The decomposition algorithm for 3NF ensures the preservation of dependencies by explicitly building a schema for each dependency in the canonical cover. It guarantees that at least one schema must hold a candidate key for the one being decomposed, which in turn ensures the decomposition generated to be a lossless decomposition.

### 3NF Decomposition Algorithm

```let Fc be a canonical cover for F;
i=0;
for each functional dependency α->β in Fc
i = i+1;
R = αβ;
If none of the schemas Rj, j=1,2,…I holds a candidate key for R
Then
i = i+1;
Ri= any candidate key for R;
/* Optionally, remove the repetitive relations*/
Repeat
If any schema Rj is contained in another schema Rk
Then
/* Delete Rj */
Rj = Ri;
i = i-1;
until no more Rjs can be deleted
return (R1, R2, . . .  ,Ri)
```

Here, R is the given relation, and F is the given set of functional dependency for which Fc maintains the canonical cover. R1, R2, . . . , Ri are the decomposed parts of the given relation R. Thus, this algorithm preserves the dependency as well as generates the lossless decomposition of relation R.

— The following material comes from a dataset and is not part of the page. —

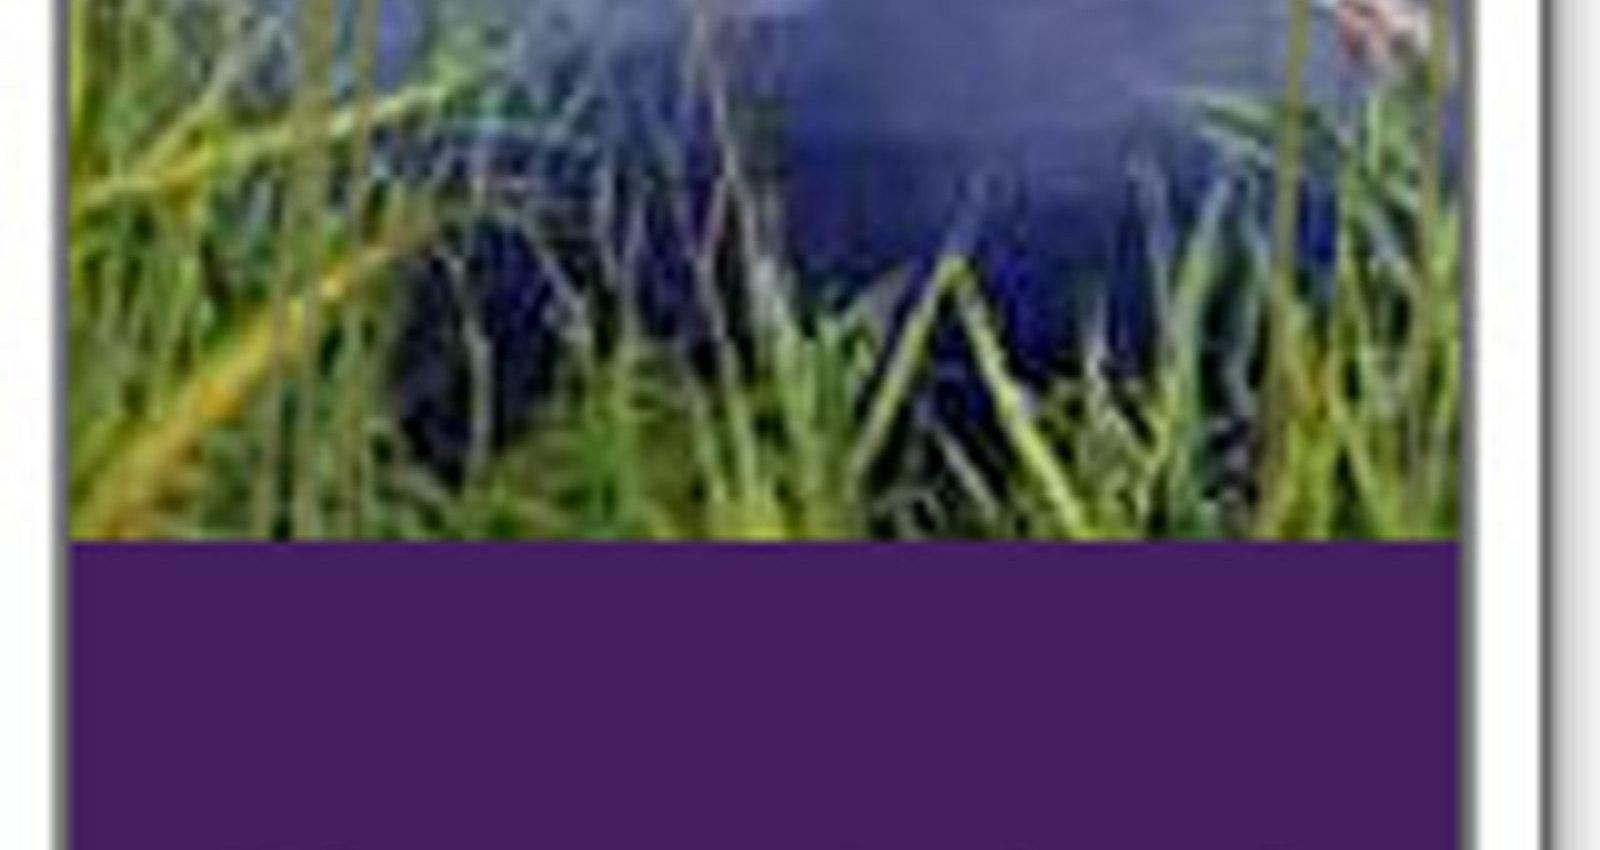 Waterfall, Lake, Reeds, Grass

A 3NF algorithm is also known as a 3NF synthesis algorithm. It is called so because the normal form works on a dependency set, and instead of repeatedly decomposing the initial schema, it adds one schema at a time.

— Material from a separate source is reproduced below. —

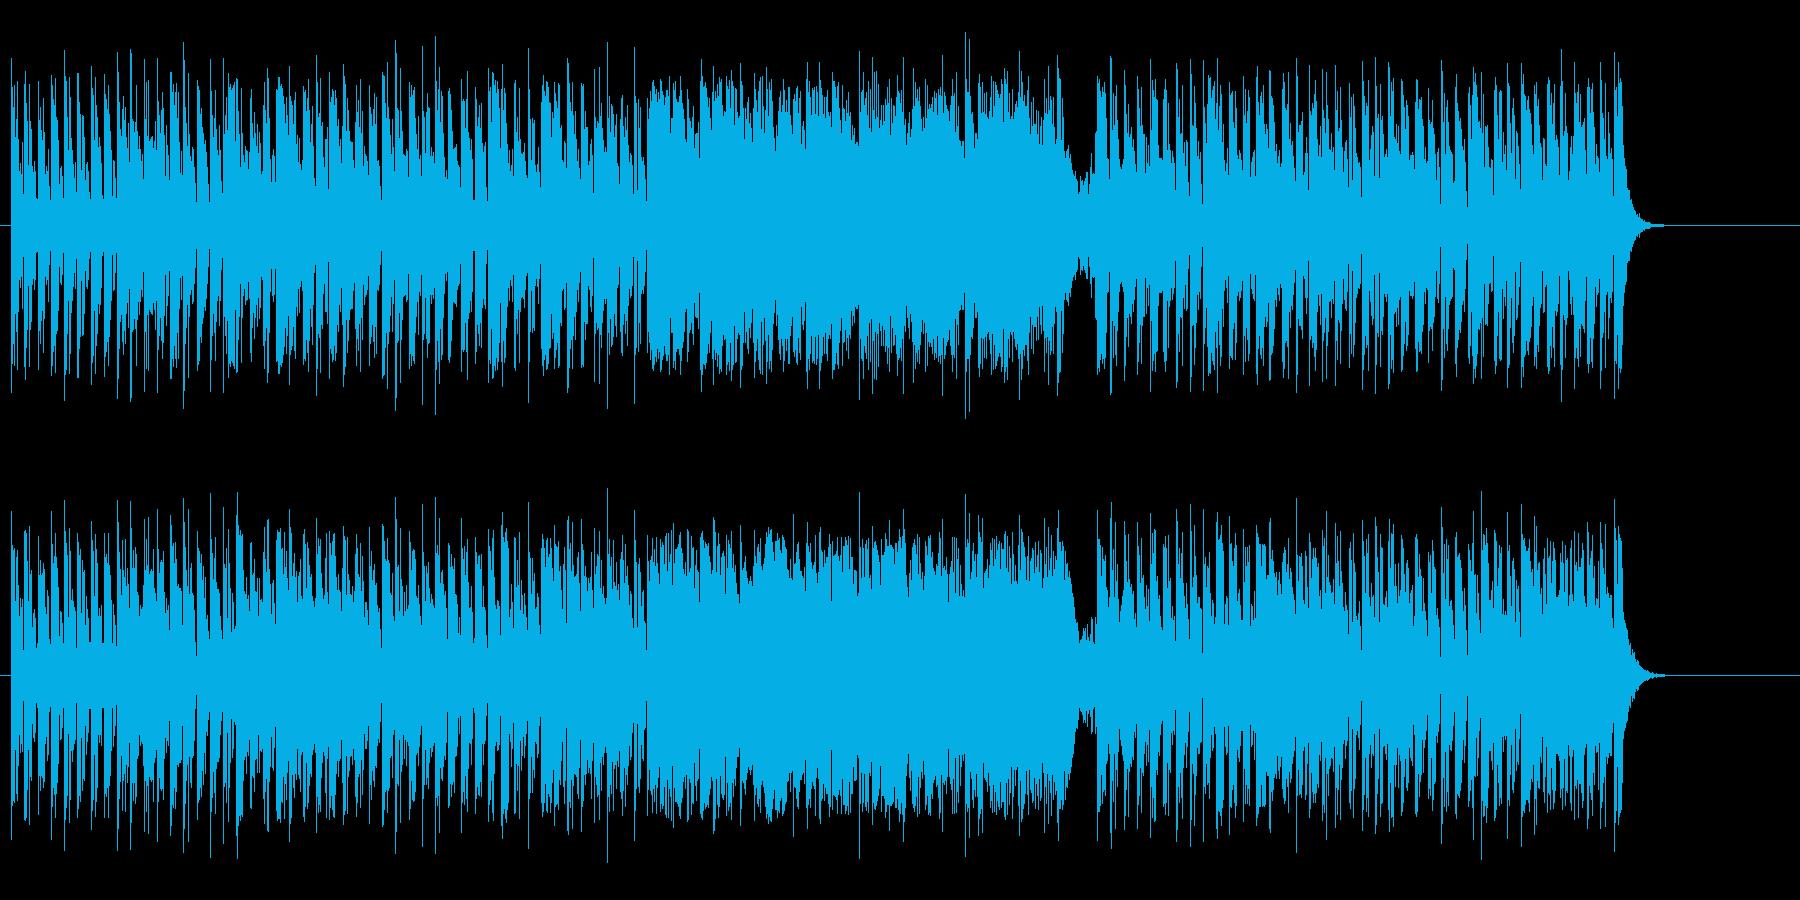 ポップな音色感覚による宇宙の祭典風の再生済みの波形

### Drawbacks of 3NF Decomposing Algorithm

• The result of the decomposing algorithm is not uniquely defined because a set of functional dependencies can hold more than one canonical cover.
• In some cases, the result of the algorithm depends on the order in which it considers the dependencies in Fc.
• If the given relation is already present in the third normal form, then also it may decompose a relation.